8.1 Evaluating density forecast

Whilst it is relatively simple to generate density forecast, the evaluation of these densities is more involved. This is partly due to the fact that the true density is not observed, not even ex-post. In what follows we refer to two of the most widely used evaluation methods that are applied to this problem, which include the probability integral transform (PIT) and the log-score (lnS).7

For a particular forecast density, the log score is simply the logarithm of the forecast density evaluated at the outcome of the random variable we forecast. The theoretical justification for using the log-score is somewhat complicated, but the implementation is rather easy, especially if we construct density forecasts according to the methods that was described above. That is, the estimates of \(\acute{y}_t(h)\) and \(\acute{\sigma}_y(h)\) can be used to compare the forecast density to a normal distribution around the realised outcome. This is easily done with the aid of most software packages.

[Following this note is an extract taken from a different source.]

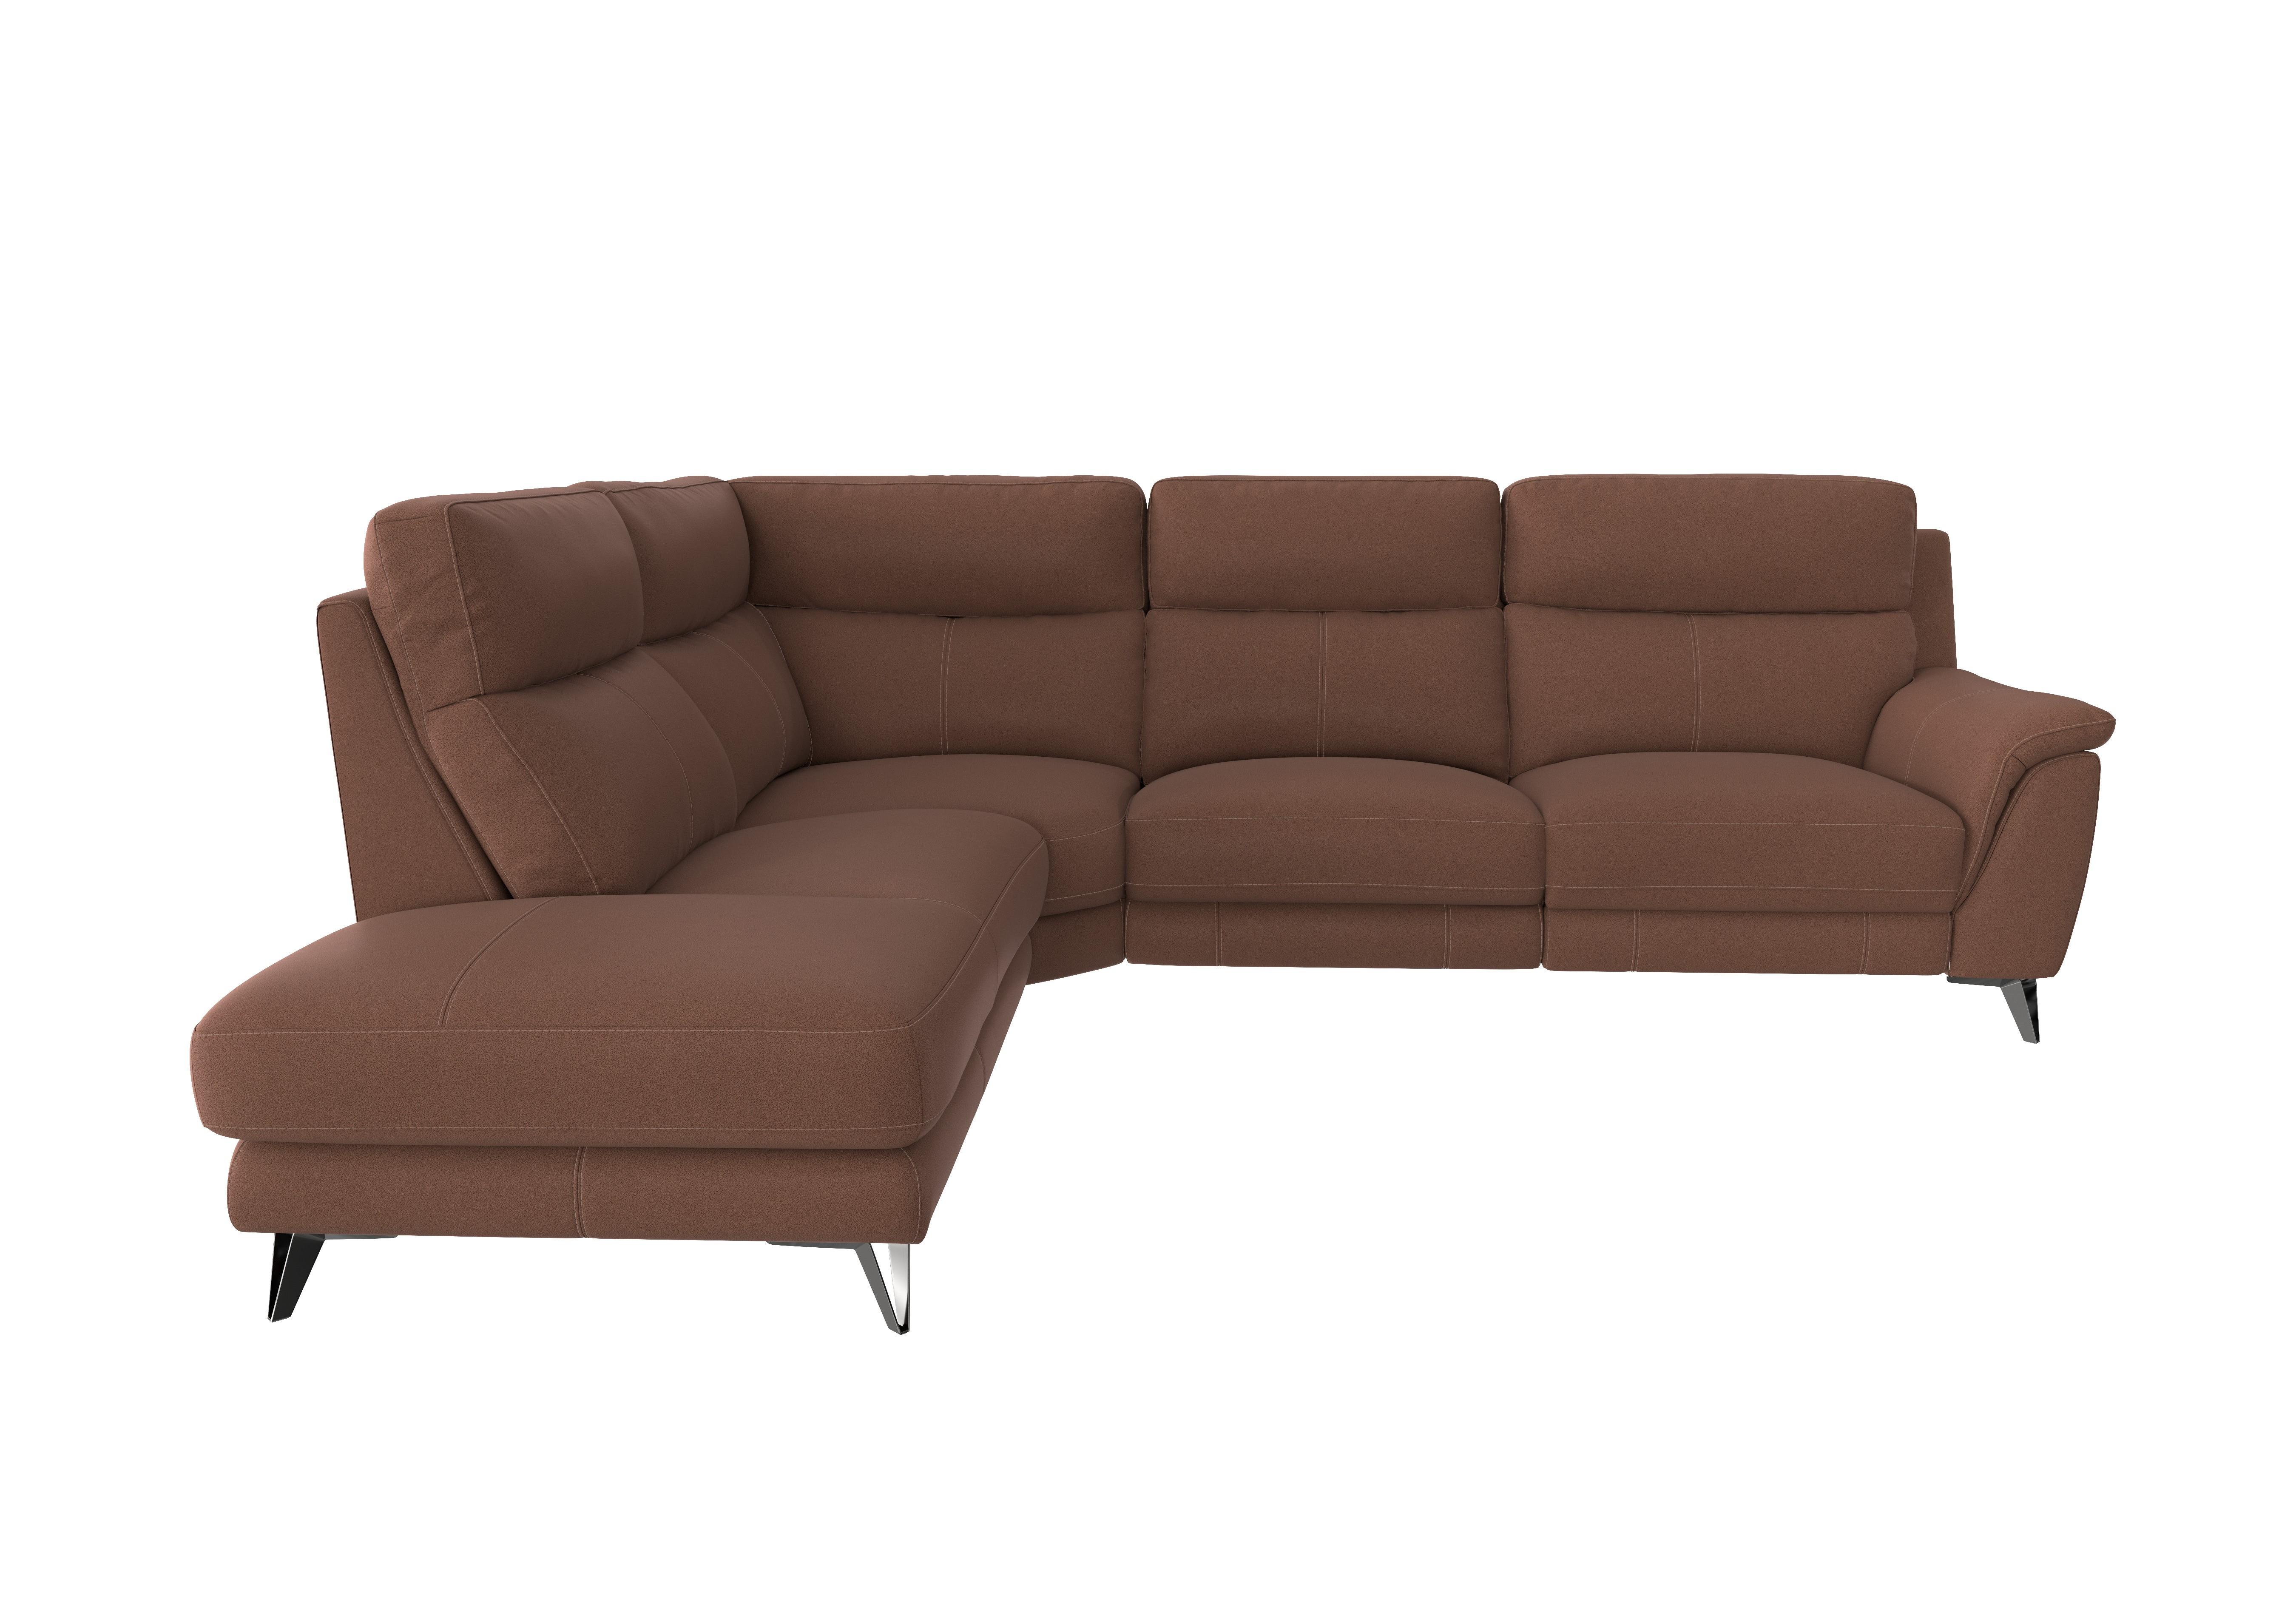 Contempo 3 Seater Chaise End Fabric Sofa in Bfa-Blj-R05 Hazelnut on Furniture Village

Therefore, if we were to conduct an out-of-sample forecasting experiment for all forecasts that cover the evaluation period we could then compute the average log-score from the densities. In the density forecasting literature this score is seen upon as an intuitive measure of density fit, or as the density counterpart to the RMSE. However, in contrast to the RMSE, a higher average log score is considered better than a lower value, simply because it reflects a higher likelihood.

The PIT is used to test whether the predictive densities are correctly specified. For example, the 95% forecast interval is an interval that should contain the future value of the series in 95% of repeated applications. Likewise, a 30% forecast interval should contain the future value of the series in 30% of the repeated applications. Considering the whole forecast distribution, if the density forecast is correctly specified we would expect to see realised outcomes in all parts of this distribution, but with more outcomes centred around the peak of the distribution than in the tails. Therefore, if we run a forecasting experiment to construct a density, as described above, this could provide the essence of a repeated application. We could then evaluate whether actual outcomes fall within the forecast densities, which is what the PIT measures.

More formally, it can be shown that data that is modelled as a random variable, from any given distribution can be converted to a random variable that has a uniform distribution using the PIT. Under the maintained normality assumption, it can then be shown that a PIT can be computed by evaluating the normal cumulative probability function for \(\acute{y}_t(h)\) and \(\acute{\sigma}_y(h)\) at the realised outcome. If the density forecasts are correctly specified, and we do this for all forecasts covering the evaluation sample, \(T-R\), then the PITs should be more or less uniformly distributed (i.e. a straight line in a histogram with percentiles on the x-axis). Once again, this is easily done in most statistical computer software packages. Moreover, different test-statistics exist and can be applied to determine whether the PIT are indeed uniformly distributed.

Figure 8: PIT for \(h=1\)

By way of example, we could compare the probability density of a particular \(h\)-step ahead forecast to the distribution of the data from the in-sample period. We would usually start with the evaluation of \(h=1\) as it gets slightly more complicated when \(h>1\), as a result of the potential serial correlation in the forecast errors. To complete this exercise we usually make use histogram to depict the empirical distributions of the PITs. In this example, the solid line represents the number of draws that are expected to be in each bin under a \(U(0,1)\) distribution. The dashed lines represent the 95% confidence interval constructed under the normal approximation of a binomial distribution.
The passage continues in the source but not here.